The effect of energy prices on life-cycle costs

Published:  04 October, 2012

BSRIA, whole life costs, lighting, T5, T8
Analysing investments — David Churcher.

How good an investment is an energy-saving measure such as replacing T8 fluorescent tubes with T5? David Churcher of BSRIA takes a detailed look at the figures.

The price of energy is a key factor in almost every life cycle costing analysis as it is often the most significant cost item throughout the life of a building or building system. This is particularly the case for building services. Most cost items in life-cycle costing are assumed to rise at an across-the-board rate of inflation, which can be allowed for by ignoring inflation and using present-day prices for future costs. However, experience tells us that energy does not behave in this way.

According to the DECC Energy Price Statistics, electricity prices have risen by 75% in real terms over the last 10 years. This is also about the average of price rises seen for gas and coal over the same period, which makes sense as gas and coal are widely used to generate electricity. Looking to the future, it might be reasonable to think that prices will continue to rise at about the same rate.

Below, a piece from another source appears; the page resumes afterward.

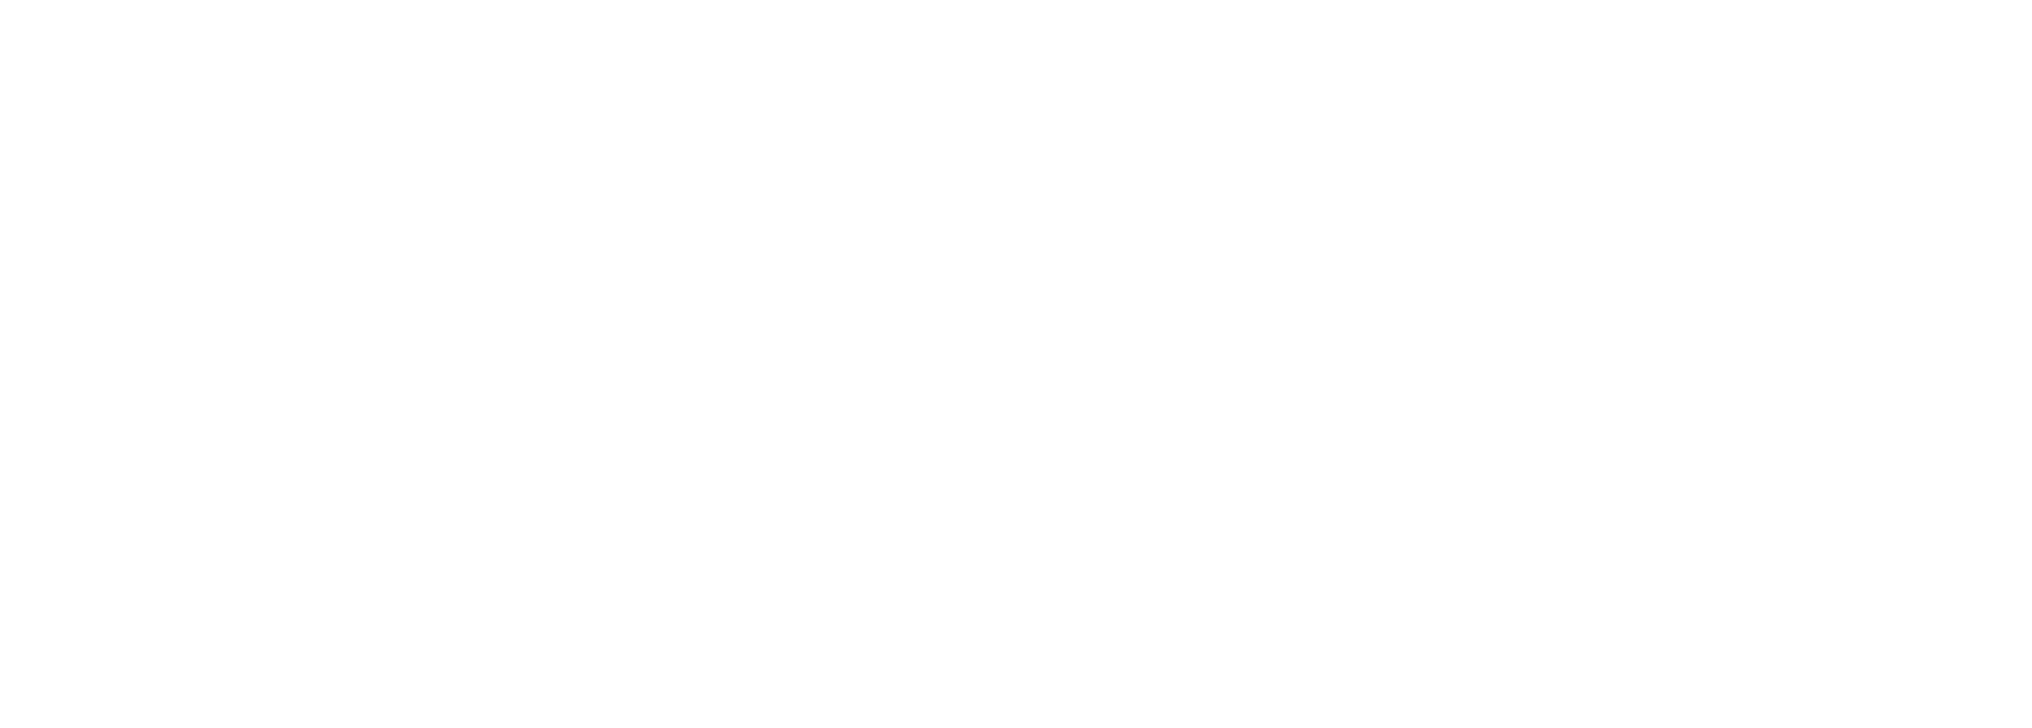 The Heritage Real Estate Group | Brokered by eXp Realty

DECC’s report ‘Fossil fuel price projections’ sets out a range of scenarios for price movements of oil, gas and coal from 2010 until 2030. For coal, real prices by 2030 are expected to be between 14% lower and 67% higher than 2010 prices. For gas, real prices by 2030 are expected to be between 2% higher and 127% higher. Taking a crude average of the predictions of coal and gas prices suggests a rise of 25% every 10 years for coal and 65% every 10 years for gas.

Assuming that the electricity price will rise by an average of the coal and gas prices, this indicates a rise of 45% every 10 years. This is significantly different from the historic trend of 75% increase over 10 years, and a reasonable figure may be somewhere in between — say a real increase of 60% every 10 years. This is equivalent to 4.85% increase each year, to allow for compound increases over 10 years to make 60%.

A lighting example

The example we will look at to illustrate this assessment of energy prices is the decision whether or not to replace T8 lamps with T5 lamps.

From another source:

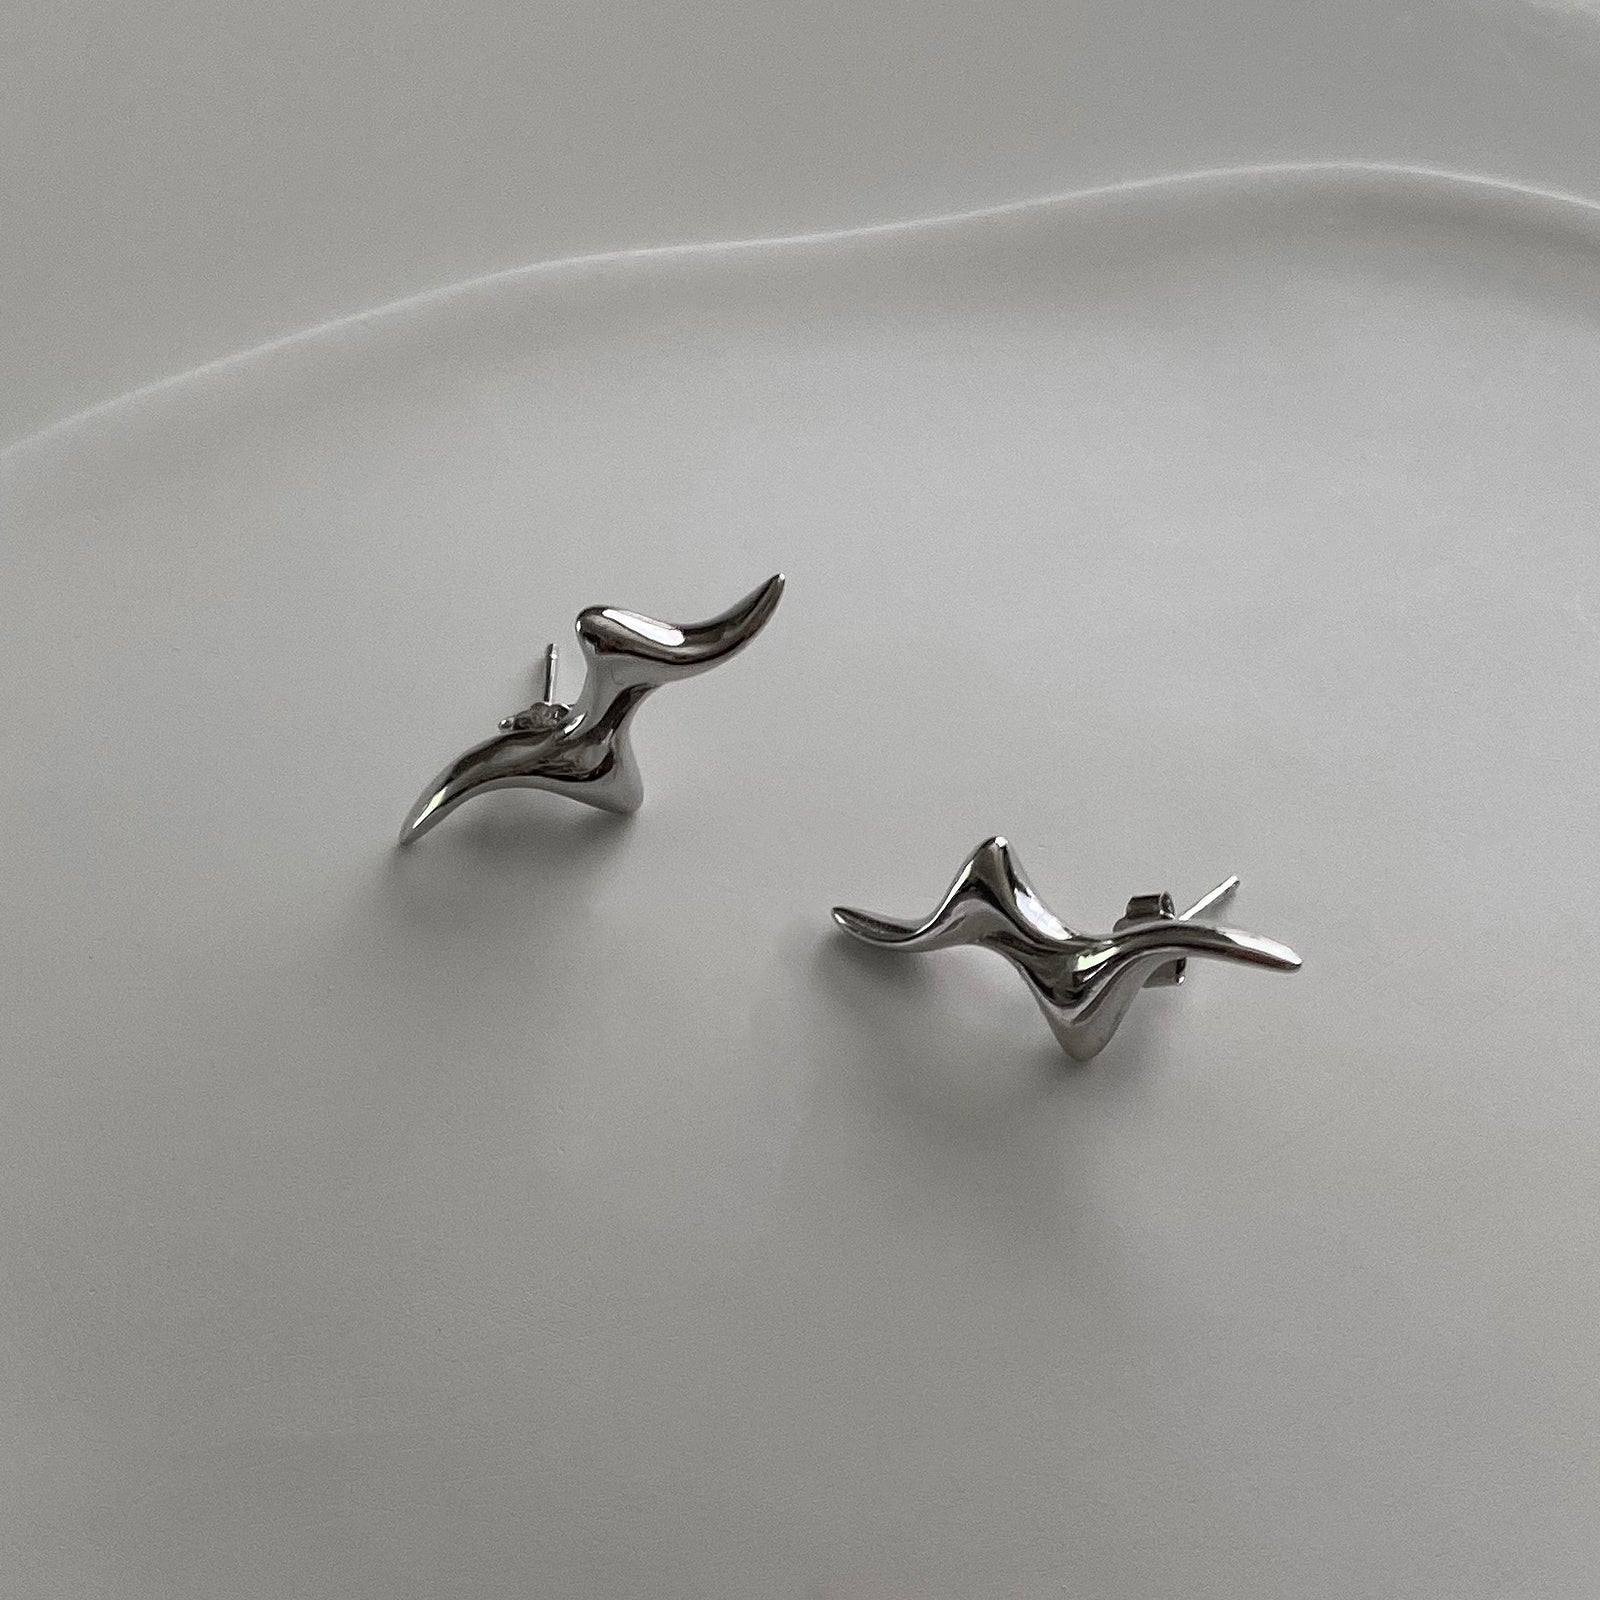 A close up of our Swirly Bolt Studs. These earrings have a cool wavy-like design.

Consider an existing office building fitted out with T8 lamps rated at 25 W each delivering 2200 lm with a life expectancy of 20 000 h. An office floor fitted with 60 lamps will have a power consumption of 1500 W. If the lamps are on for 10 hours per day, Monday to Friday this is equivalent to 3.9 MWh of electricity per year. The lamps cost £2.50 each.

The lamps could be replaced with T5s rated at 28 W each delivering 2900 lm, also with a life expectancy of 20 000 h. The same office floor will now require 45 lamps to give the same level of illumination, giving a power consumption of 1260 W which is equivalent to 3.28 MWh of electricity per year. The lamps cost £3 each. Converter kits also have to be bought so that the existing luminaires can be used, costing £15 each.

The 20 000 hour life of each lamp is equivalent to eight years of operation. But the luminaire converters are a one-off purchase, so in this example the study period is be extended to 24 years to cover three lifecycles of the lamps.

In both cases, the building occupier is currently paying £0.10/kWh for electricity. But this is expected to rise by 4.85% every year, as argued above.

A discount rate has to be selected for the analysis. A typical rate in the private sector would be between 5% and 10%, say 7% in this case. For the public sector, a discount rate of 3.5% is recommended by HM Treasury.

The results of the life cycle calculation using BSRIA’s in-house LCC spreadsheet are shown in Table 1.

Modelling energy prices using probabilities

The above assessment of future changes in electricity price may be thought quite crude. More sophisticated modelling can be done with appropriate software. BSRIA is a partner in the EU Framework 7 research project CILECCTA which is developing software for analysing life-cycle costs and environmental impacts using probabilities. The same example has been analysed using a beta version of the software, but this time allowing electricity price to increase randomly each year between pre-set limits based on all the above DECC energy-price information. The results of running the life cycle cost calculations through 5000 simulations are shown in Table 2.

In conclusion

The calculations show that the life-cycle costs change according to the discount rate, which is to be expected, and also with the modelling methodology. However, the important conclusion is that in both cases switching to T5 lamps has the lower life-cycle cost, using the input data provided. However, for a private-sector occupier the difference is close to the margin of error — meaning that the case for switching is weaker. For a public-sector occupier the difference is more significant, and the recommendation to switch to T5 lamps is more robust.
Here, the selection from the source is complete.